EEMA has higher volatility (11.69%) compared to UGA (9.24%). In terms of maximum drawdown, EEMA dropped -44.18% vs UGA's -86.59%.
On 10-year performance, UGA leads with 14.31% vs 10.73% for EEMA. On fees, EEMA is cheaper at 0.50% per year. On volatility, UGA has been the lower-risk option at 9.24%. The better choice depends on whether you care most about return, fees, risk, or income.
Over the 10-year period, UGA has performed better with a 14.31% return vs 10.73%. Past performance does not guarantee future results, so compare this with risk, fees, and fund exposure.
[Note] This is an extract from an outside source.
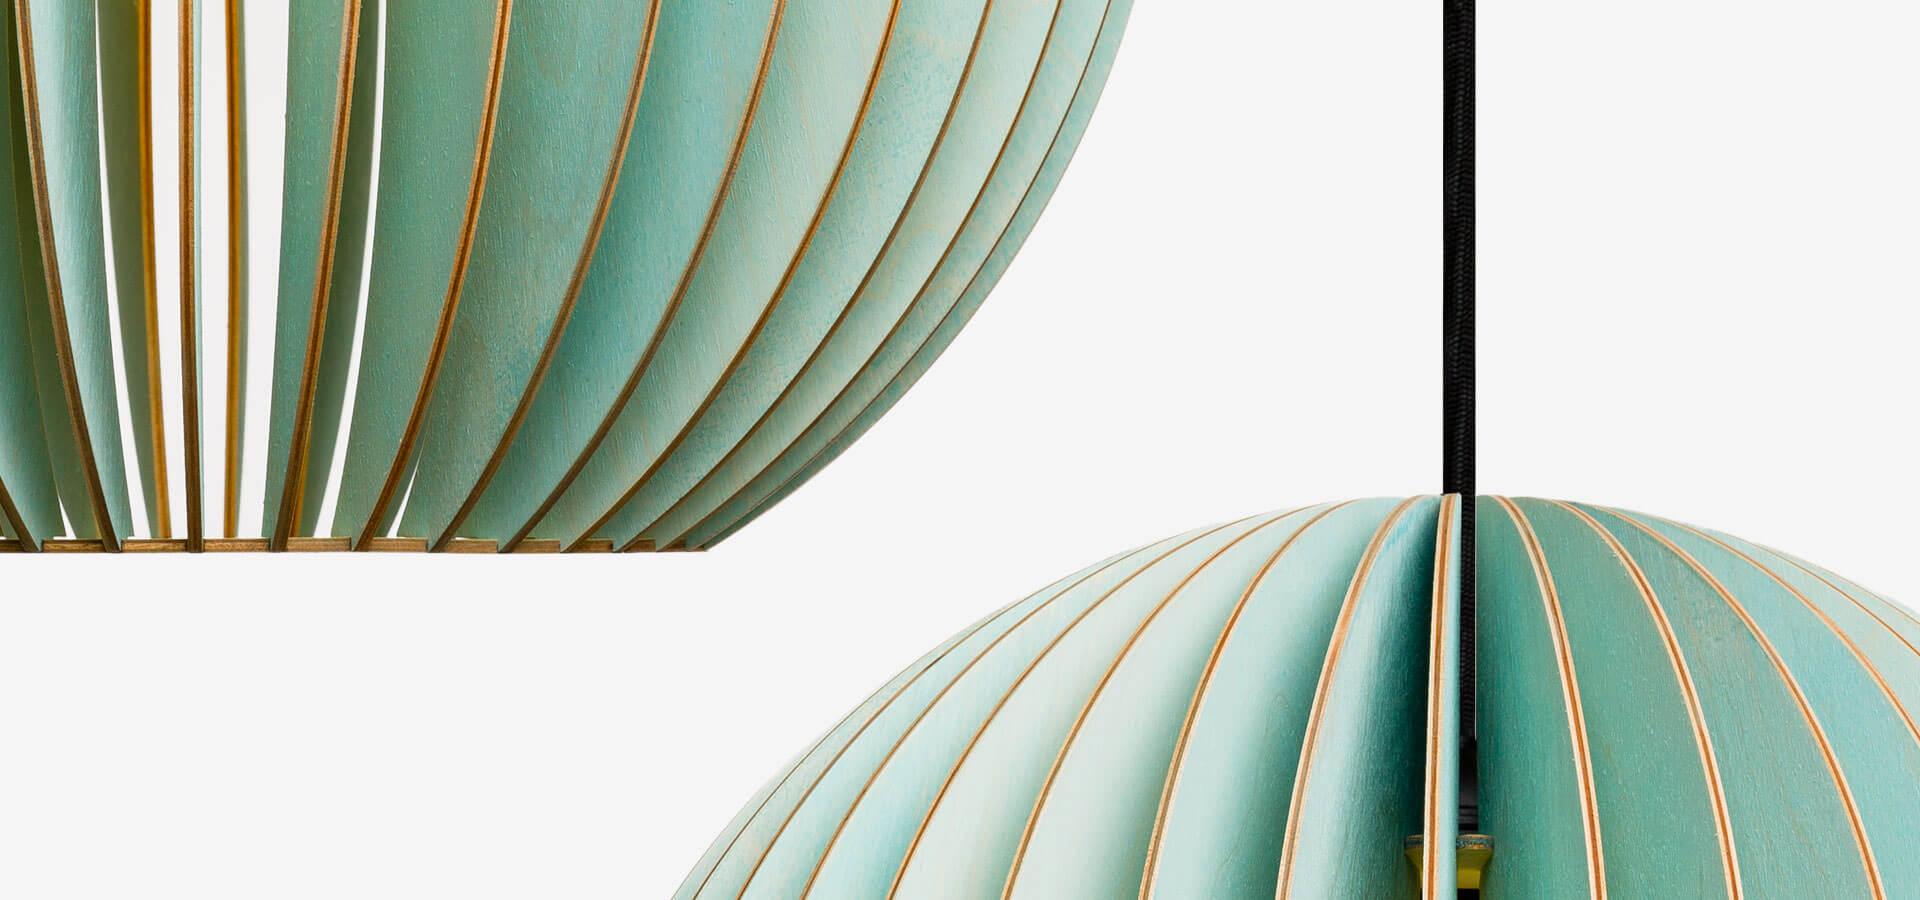 IUMI-DESIGN-LAMPEN-AUS-HOLZ-AION-BLAU2-1920×900

EEMA is cheaper with a 0.50% expense ratio, compared with 0.75% for UGA.
EEMA has the higher dividend yield at 1.34%, compared with 0.00% for UGA.
EEMA is categorized as Asia Pacific Equities, while UGA is Oil & Gas. EEMA tracks MSCI Emerging Markets Asia Index, while UGA tracks Front Month Unleaded Gasoline. They also come from different issuers: iShares and Concierge Technologies. Their fees differ too: 0.50% for EEMA and 0.75% for UGA.
EEMA currently has the higher Sharpe Ratio (2.05 vs 1.73), meaning it's delivered slightly more return per unit of risk over the trailing 12 months. However, this ranking shifts over time - use the Risk/Return Score above for a more comprehensive view that combines Sharpe, Sortino, and other measures used by quantitative funds.